Lol you would have thought they would have eliminated one if them to make things just a little easier. I didn't know if the ALT. Was some other acronym that Lionel used. I will order the part today and give you guys and update.


----------



## gunrunnerjohn (Nov 10, 2010)

Should do the trick if that's what you need. Note that frequently the motor dies and takes the reverse board with it. The smart money is on ordering the $8 motor as well.

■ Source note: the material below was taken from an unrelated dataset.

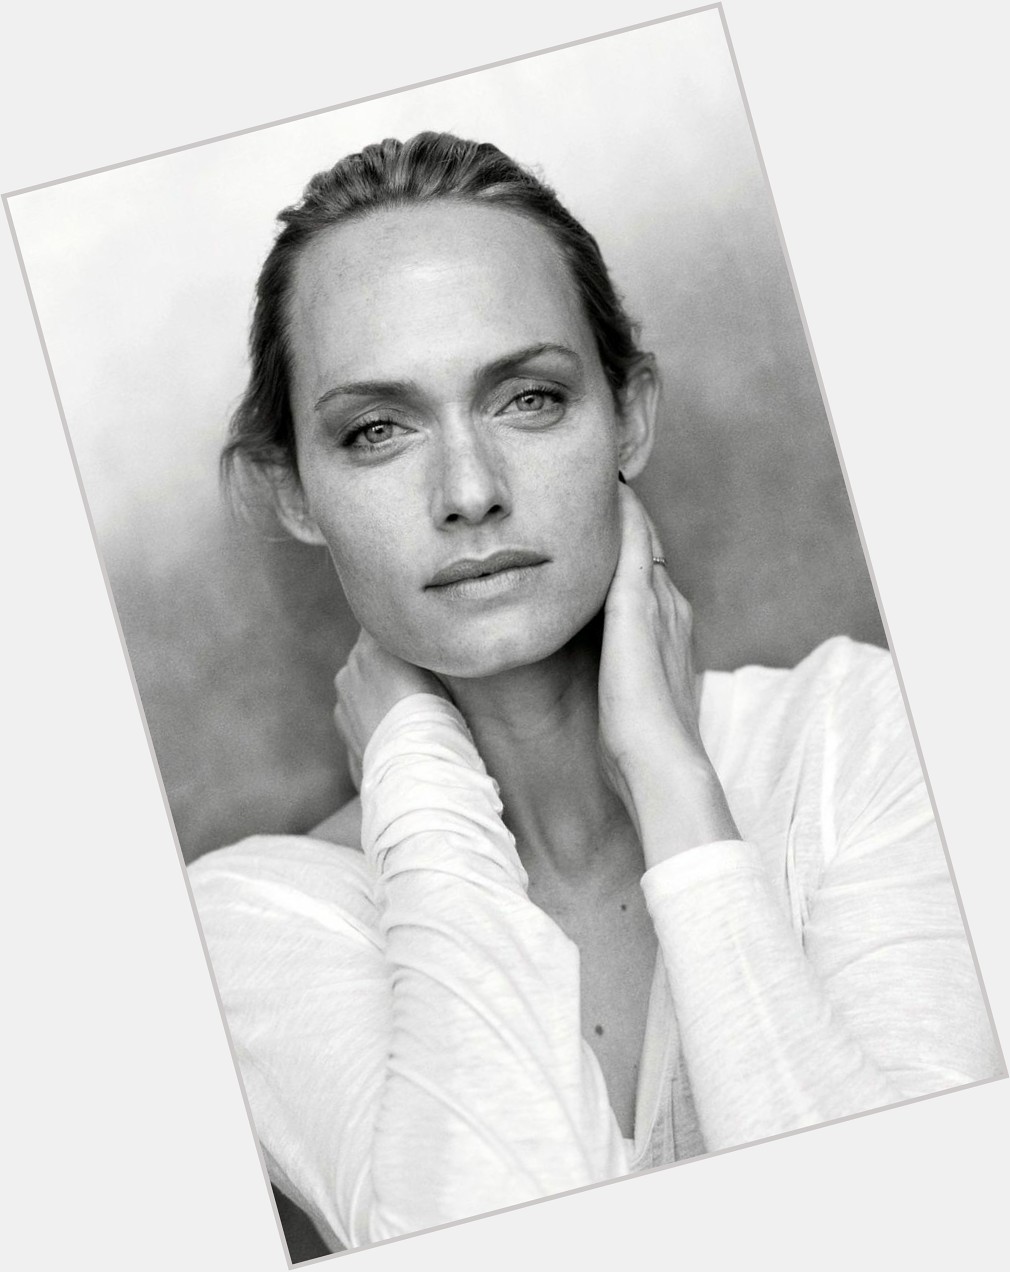 Happy birthday to the coolest model Amber Valletta 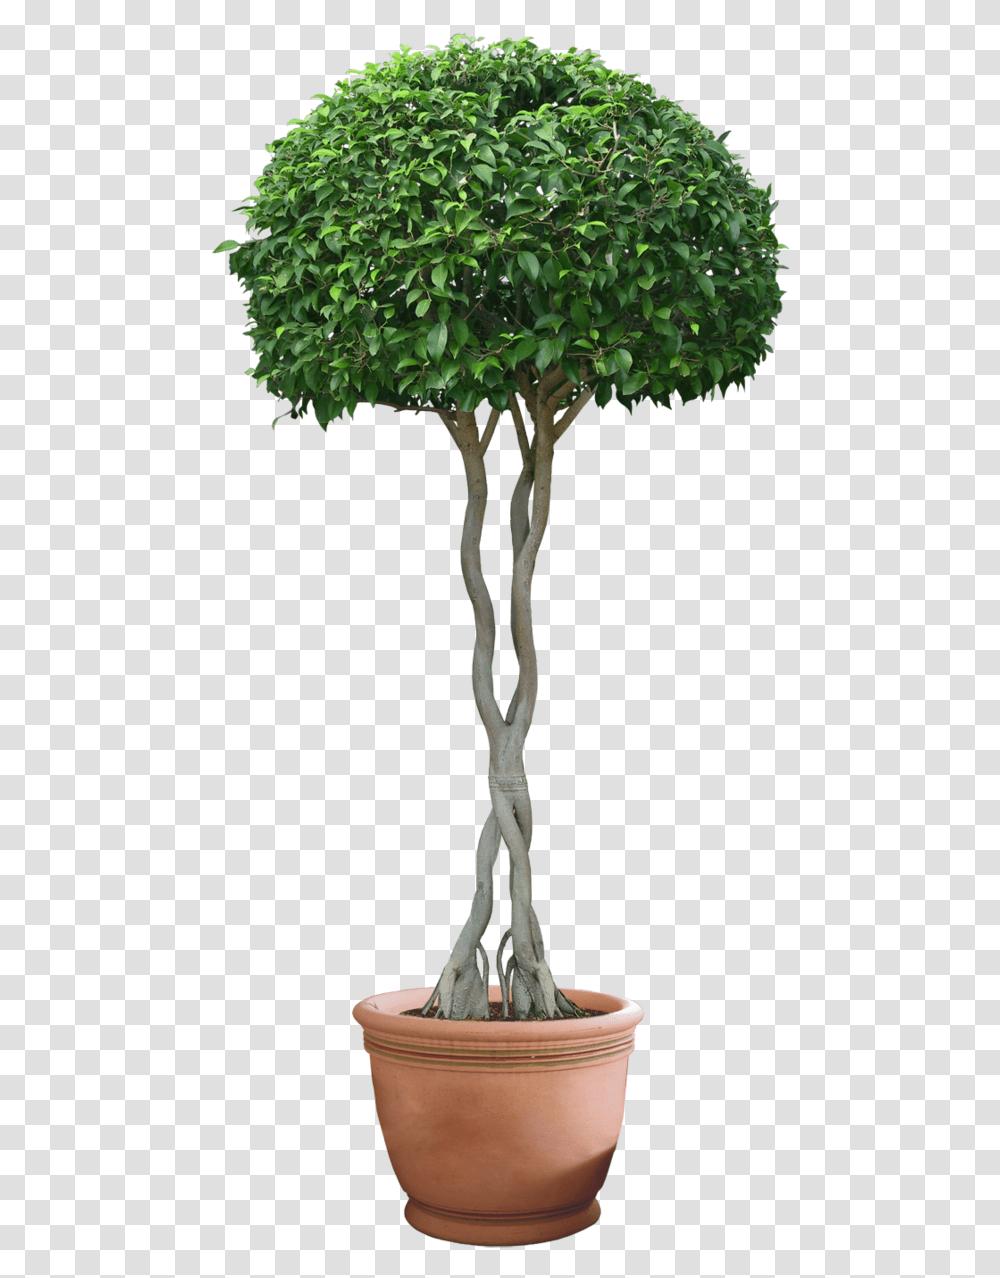 Woody Plant Plant, Tree, Leaf, Lamp, Tree Trunk Transparent Png

6008008105 DC MOTOR W/ METAL GEAR / STARTER 4-4-2 / 4-4-0


----------



## Savian1973 (Jul 24, 2011)

Ugg I wish I would have known that earlier. I already placed an order for the board and it was $9 shipping. Oh well. I will look on ebay for the motor first then go back to Lionel's site.


----------



## Savian1973 (Jul 24, 2011)

*Problems found*


----------



## Savian1973 (Jul 24, 2011)




----------



## Savian1973 (Jul 24, 2011)




----------



## Savian1973 (Jul 24, 2011)

Anyone know how to test the motor as well? It wouldn't surprise me of this didn't go bad as well.
Thanks guys hopefully the pics help others with their e units or to show what can go bad


----------



## gunrunnerjohn (Nov 10, 2010)

You can test the motor with a DC supply, but many times the motor will appear to run correctly on the bench and still not be good. Typically, I now replace both the motor and the reverse board if the board is bad. If just the motor goes, you can just replace the motor.


----------



## Savian1973 (Jul 24, 2011)

Thank you for all the information. So is the reverse board and E Unit the same thing? Unfortunately I did try a 9volt battery to see if the motor had anything however it had nothing. I called lionel and they told me they couldn't add the motor to my order since it was just about ready to ship. They said a org $9 something for shipping if the $8  lol they always find away to get ya.


----------



## gunrunnerjohn (Nov 10, 2010)

For common parts like these, I normally go to other suppliers that have a lower shipping charge. Try The Train Tender


----------



## Savian1973 (Jul 24, 2011)

Thanks I just ordered the motor and saved $6.


----------



## Savian1973 (Jul 24, 2011)

Gunrunner,
Just for thought what is a good Lionel engine or era to buy an engine from that parts are still plentiful yet the engine was built in the US? The guy I got the generator from said the early 60's Lionel engines are great and he stocks many of there parts. If this is true what would be a good one to pull 4-5 cars?

Thanks


----------



## sjm9911 (Dec 20, 2012)

I would look at some Lionel post war stuff. Take a look on e bay and if you like the way it looks etc. Google the engine number, or sights like tandem associates has descriptions etc. Depends on the look you want and what extras you want, smoke, light, magnetraction.


----------



## gunrunnerjohn (Nov 10, 2010)

What he said.  You need to define if you want steam or diesel, and also stuff like the road name, etc. There are tons of choices in post-war locomotives, and the fact that they're still around 50 years later is an indication of their lifespan!


----------